India’s Hospitals Swamped By Second Virus Wave as Shots Run Low
(Bloomberg) -- India is facing an escalating health crisis, with its second wave of virus infections hitting record highs, overwhelming hospitals around the country as supplies of intensive care beds and vital drugs come under pressure.
Across the South Asian nation, from the wealthiest and also the worst-hit state of Maharashtra to its most populous, Uttar Pradesh, reports are emerging of hospital beds running short and immunization centers turning away people as they run out of vaccines. India reported more than 145,000 new infections Saturday, and with over 13 million virus cases lags behind only the U.S. and Brazil.
Maharashtra’s Health Minister Rajesh Tope warned the state had three days worth of shots in stocks and vaccination centers across the state were being forced to shut down. On Friday he announced a strict weekend lockdown to try and contain the outbreak. The state capital, Mumbai, has currently used up all but 3% of its intensive care hospital beds.
India’s capital New Delhi -- which is operating under a nightly curfew -- reported more than 8,500 new infections on Friday, the highest so far in this year, with health care workers some of the worst affected. At Sir Ganga Ram Hospital, one of the city’s top institutions, 37 doctors had been infected with Covid-19 with mostly mild symptoms, two people at the hospital said, asking not to be identified because the information wasn’t public.

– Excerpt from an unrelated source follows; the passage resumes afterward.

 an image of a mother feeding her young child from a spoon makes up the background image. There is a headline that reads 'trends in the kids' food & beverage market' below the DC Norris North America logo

“It’s going to be a horrible next two months,” said Shuchin Bajaj, a director at the Ujala Cygnus Group of Hospitals, which runs 14 hospitals across north India. “The impact is ten times what it was last year. This time it seems to be affecting younger patients.”
In Lucknow, Uttar Pradesh’s capital, as many as 40 doctors at the state-run in King Georges’ Medical University College have been infected, according to two people with knowledge of the situation.

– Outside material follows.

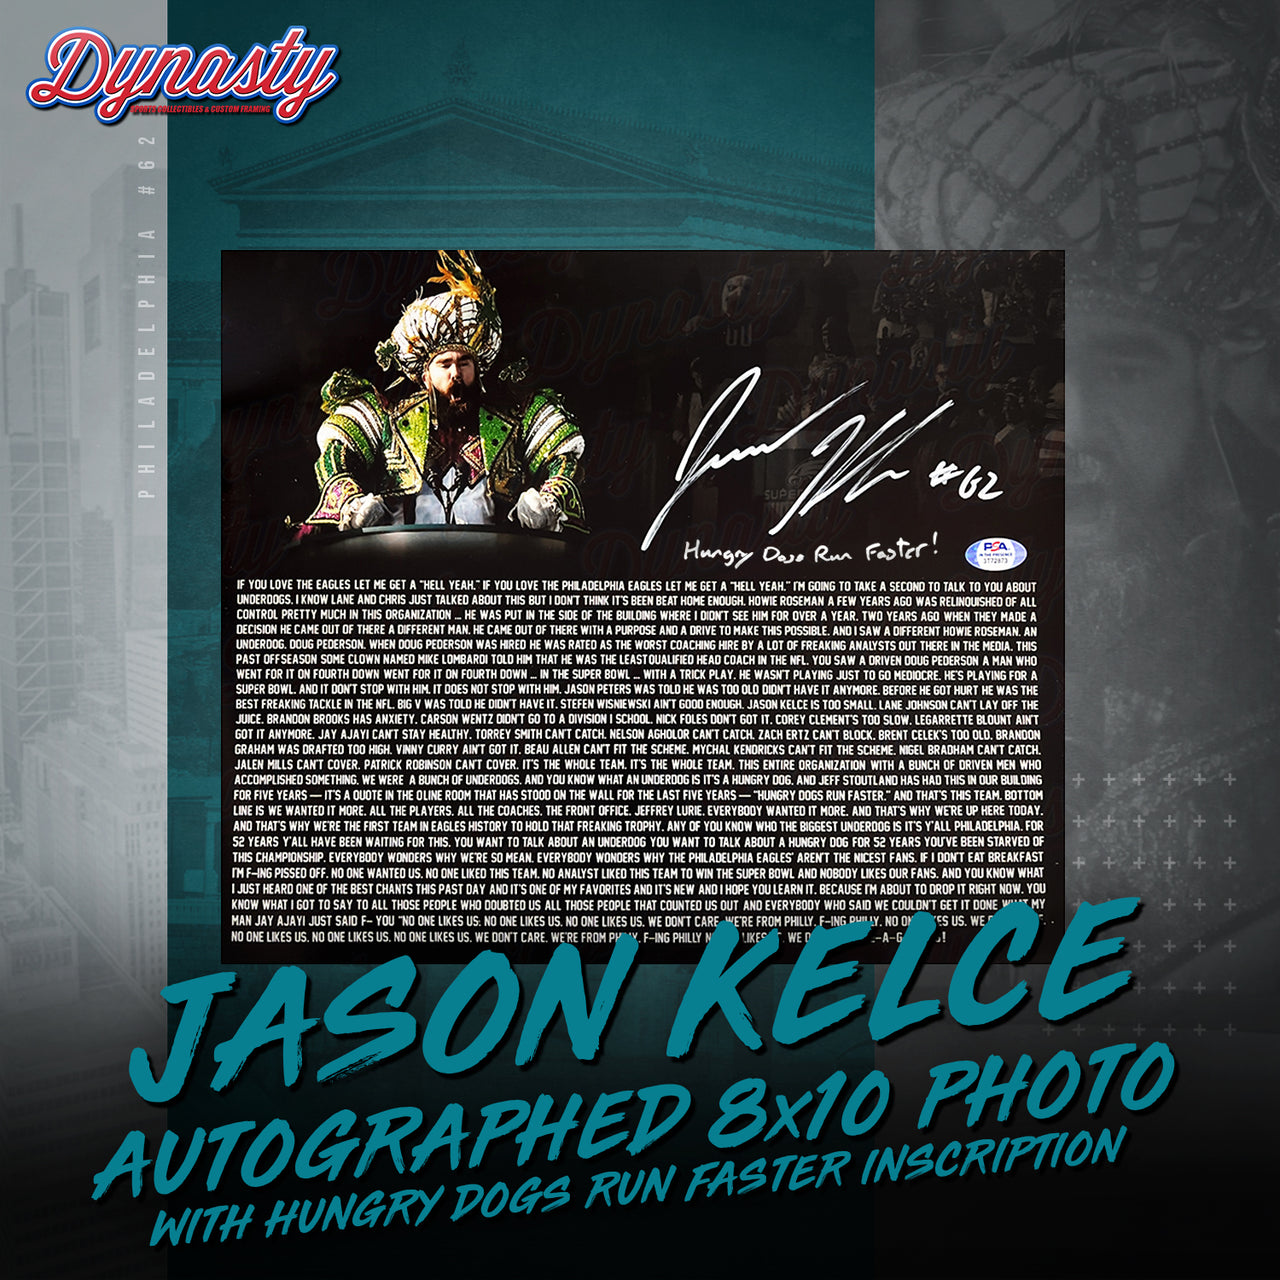 Jason Kelce Autographed Parade Speech Text Photo | Pre-Sale Opportunity - Dynasty Sports & Framing

The twelve-fold jump in India’s daily new infections, from some 11,000 in early February, comes as five Indian states are in the middle of elections and northern Uttarakhand is holding the monthlong Kumbh Mela, a pilgrimage that is expected to draw hundreds of thousands of devotees to the banks of the Ganges river.
In West Bengal, political leaders and campaigners are holding roadshows and rallies drawing thousands of people each day -- many without masks or social distancing -- to woo 73 million voters in the eight-phase election that will end on April 29. A new round of voting began on Saturday.
“The second wave is bigger and nastier than the first wave, but we have lost our coordinates to politics,” said Kunal Sarkar, a cardiologist at the Medica Super Specialty Hospital in Kolkata, the capital of West Bengal. “Politicians are happy gathering votes as the pandemic is on the rise.”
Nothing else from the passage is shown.